A) create a blank folder in hadoop FS-mkdir/d1
B) hadoop FS-put ABC/d1
If you execute hadoop FS-put ABC/d1 again, the screen displays:
It is not overwritten by default.
C) hadoop FS-put ABC/D2
Because the D2 directory does not exist, the screen is displayed.
-RW-r -- 1 root supergroup 37667/D2
D2 is a file
D) hadoop FS-Get
Download
E) hadoop FS-put <Linux>
Hadoop FS-put install. log/D1/newnamefrominstall. Log
Hadoop FS-ls/d1
Display
Found 1 items
-RW-r -- 1 root supergroup 37667/D1/newnamefrominstall. log # upload and rename the file
F)-du: measure the file size in the directory.
Displays the file size in the specified path, in bytes.
G)-DUS collects statistics on the file size in the directory.
This command shows the total size of the file in the specified path, in bytes.
H)-count the number of statistical files (CLIPS)
Displays the number of folders, number of files, and total file size in a specified path.
I)-MV mobile
This command option indicates moving HDFS files to the specified HDFS directory. The following two paths are followed. The first one indicates the source file and the second one indicates the target directory.
J)-CP Replication
Copy the specified HDFS file to the specified HDFS directory. The following two paths are followed. The first is the copied file, and the second is the destination.

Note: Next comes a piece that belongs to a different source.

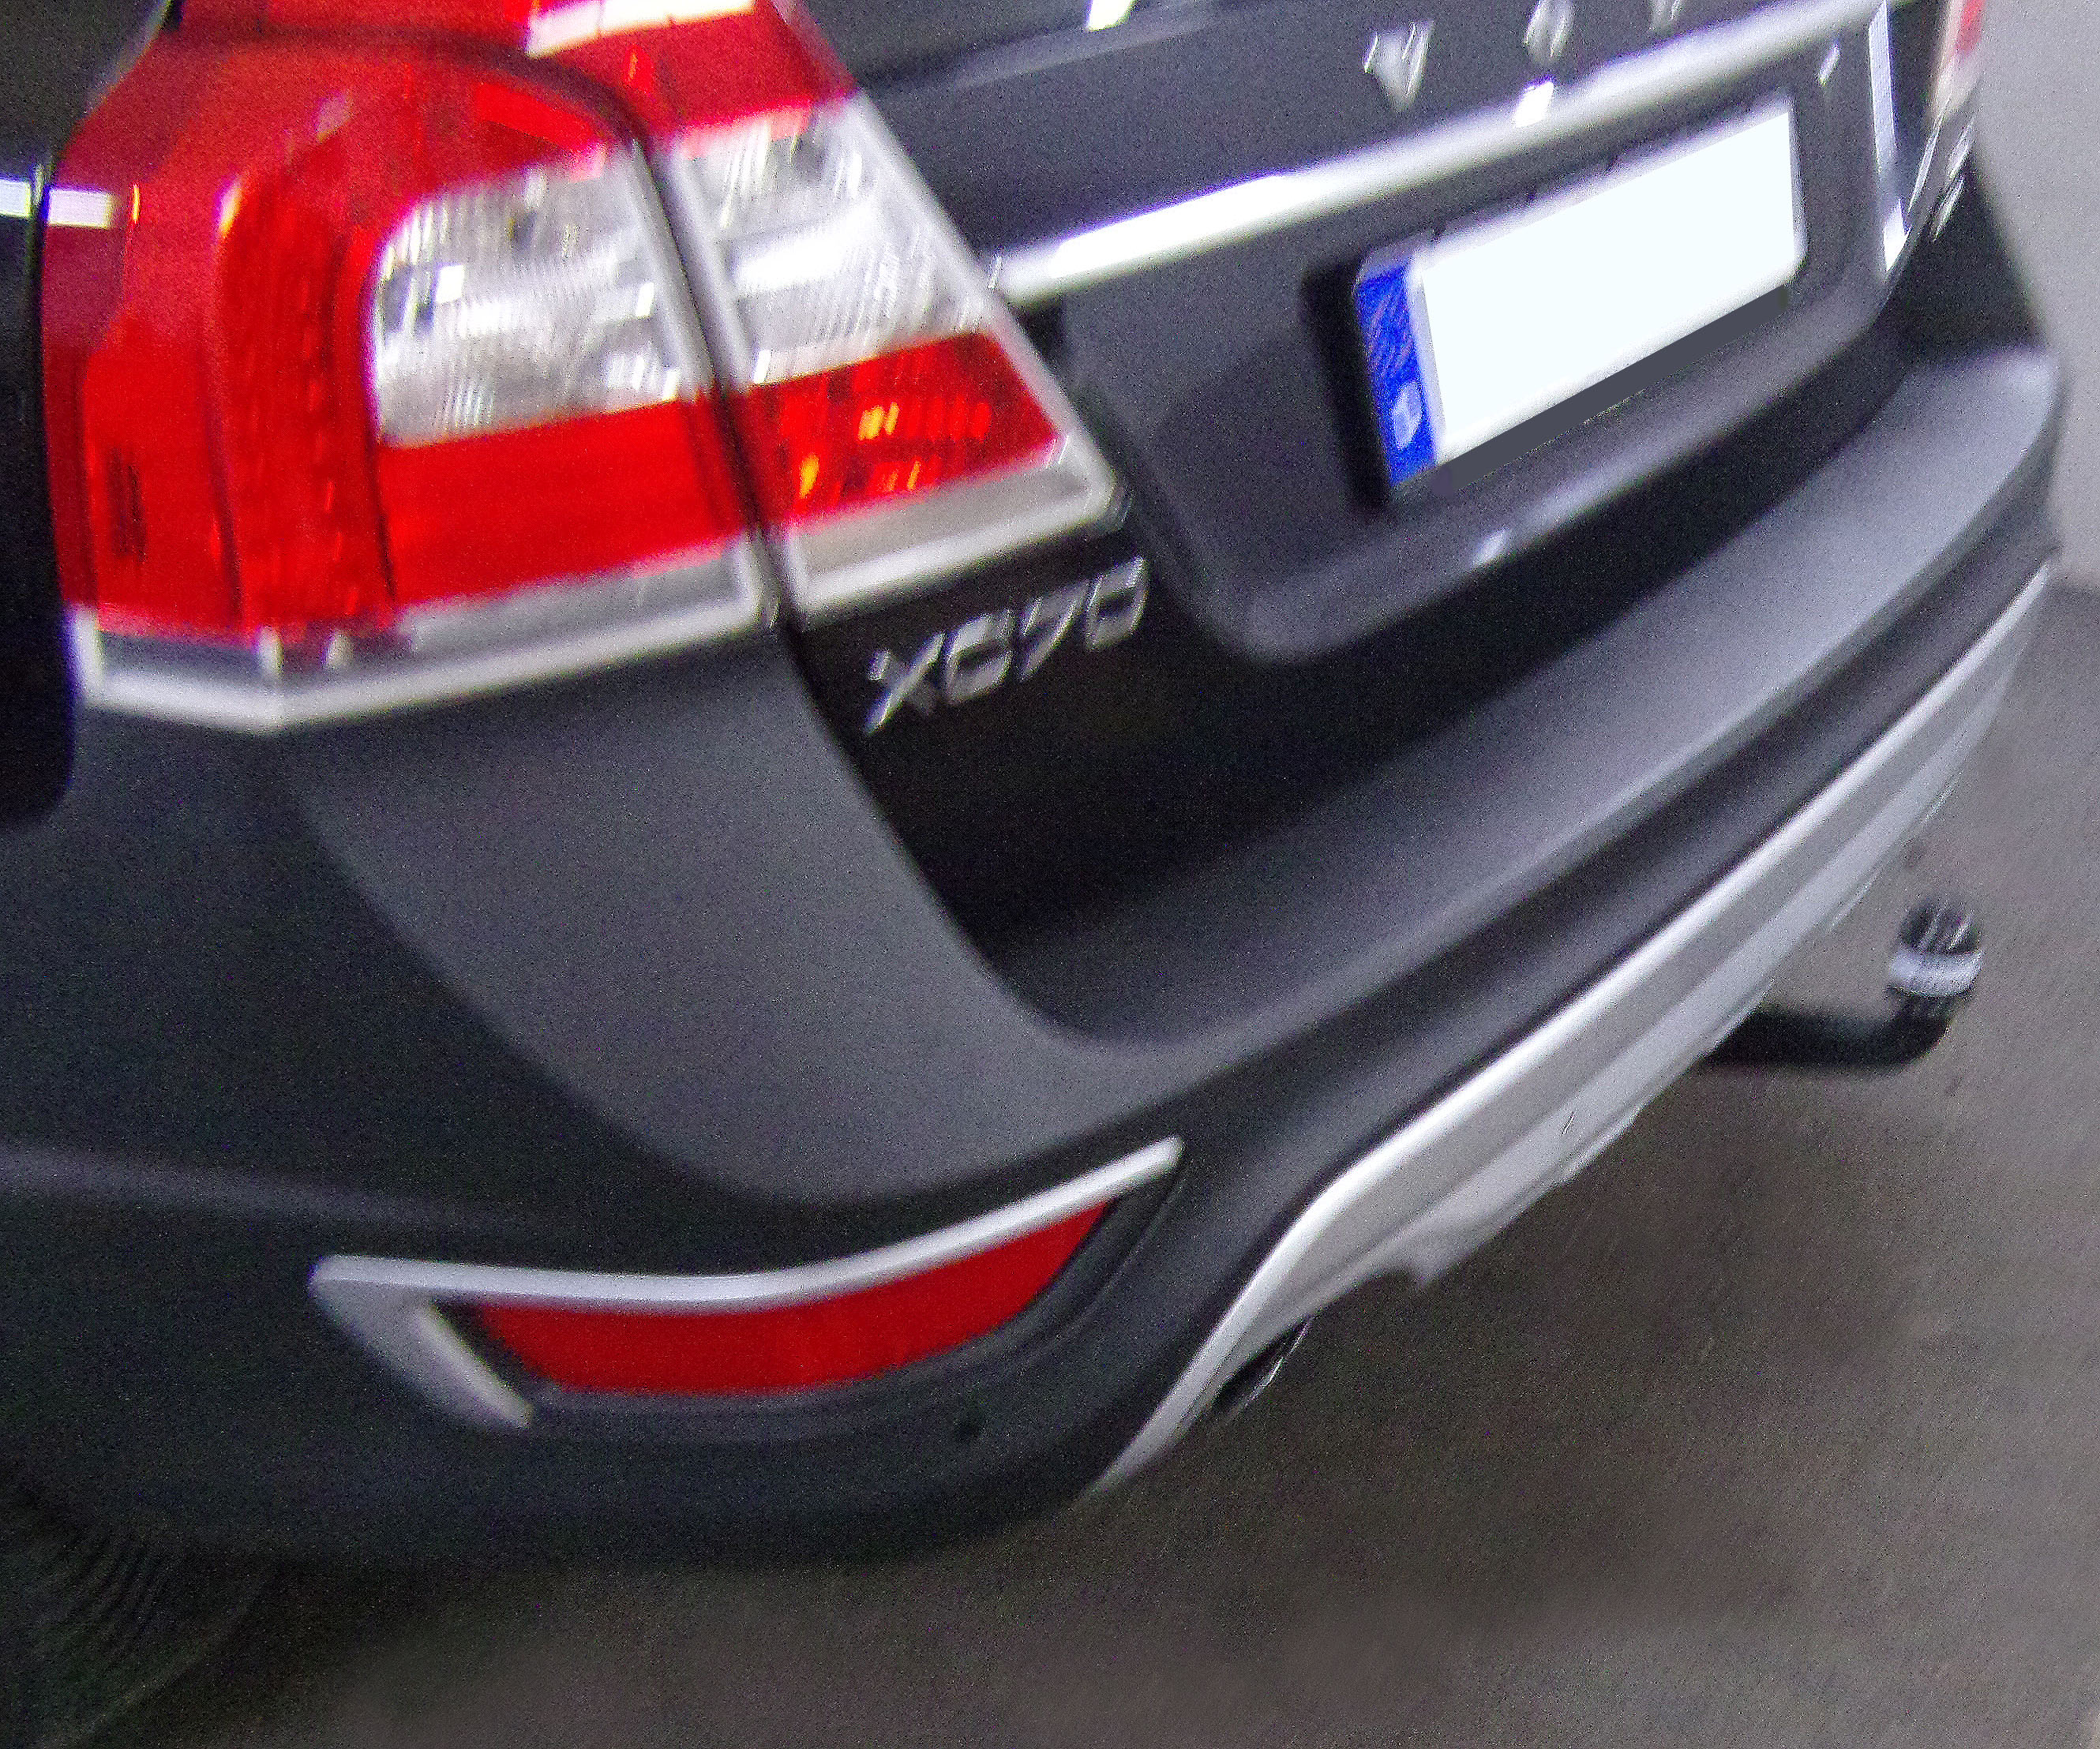 Anhängerkupplung für Volvo-XC 70 Cross Country, ohne Niveauregulierung, Baureihe 2007-2016 V-abnehmbar

K)-RM delete a file/blank folder
The specified file or empty directory cannot be deleted.
L)-RMR recursive Deletion
Recursively Delete All subdirectories and files in a specified directory
M)-copyfromlocal copy from local
The operation is consistent with-put.
N)-movefromlocal move from local
This command moves the file from Linux to HDFS
O) Merge getmerge to local
Merge all files in the directory specified by HDFS to files in local Linux,
A)-CAT/-text to view the File Content
B)-setrep: set the number of copies.
Modify the number of copies of saved files, followed by the number of copies, followed by the file path
If two replicas are added, HDFS automatically copies the files and generates new copies.
If the last path represents a folder, you need to follow the option-R to change the copy of all files in the folder.
Hadoop FS-setrep-R 4/d1
Another option is-W, indicating that the command is exited only after the copy operation is complete.
Hadoop FS-setrep-r-W 1/d1
C)-touchz: Create a blank File
D)-Help help
Display the help information, followed by the Command Options to be queried, such:
Hadoop FS-help RM
Note: The content displayed by this command option is not completely accurate. For example, the result of querying count is not accurate, but the usage of all command options is displayed.
1. Execute hadoop [do not write anything] to check which commands supported by hadoop
2. Execute hadoop FS [do not write anything later]. You can view the commands supported by hadoop HDFS.
Complete HDFS-shell command writing
Hadoop FS-ls HDFS: // hadoop: 9000/
Same as hadoop FS-ls/
Principle:
When installing hadoop, we modified a core-site.xml file where
<Name> fs. Default. Name </Name>
<Value> HDFS: // hadoop: 9000 </value>
The attribute value of FS. Default. name indicates the HDFS path, HDFS: // hadoop: 9000.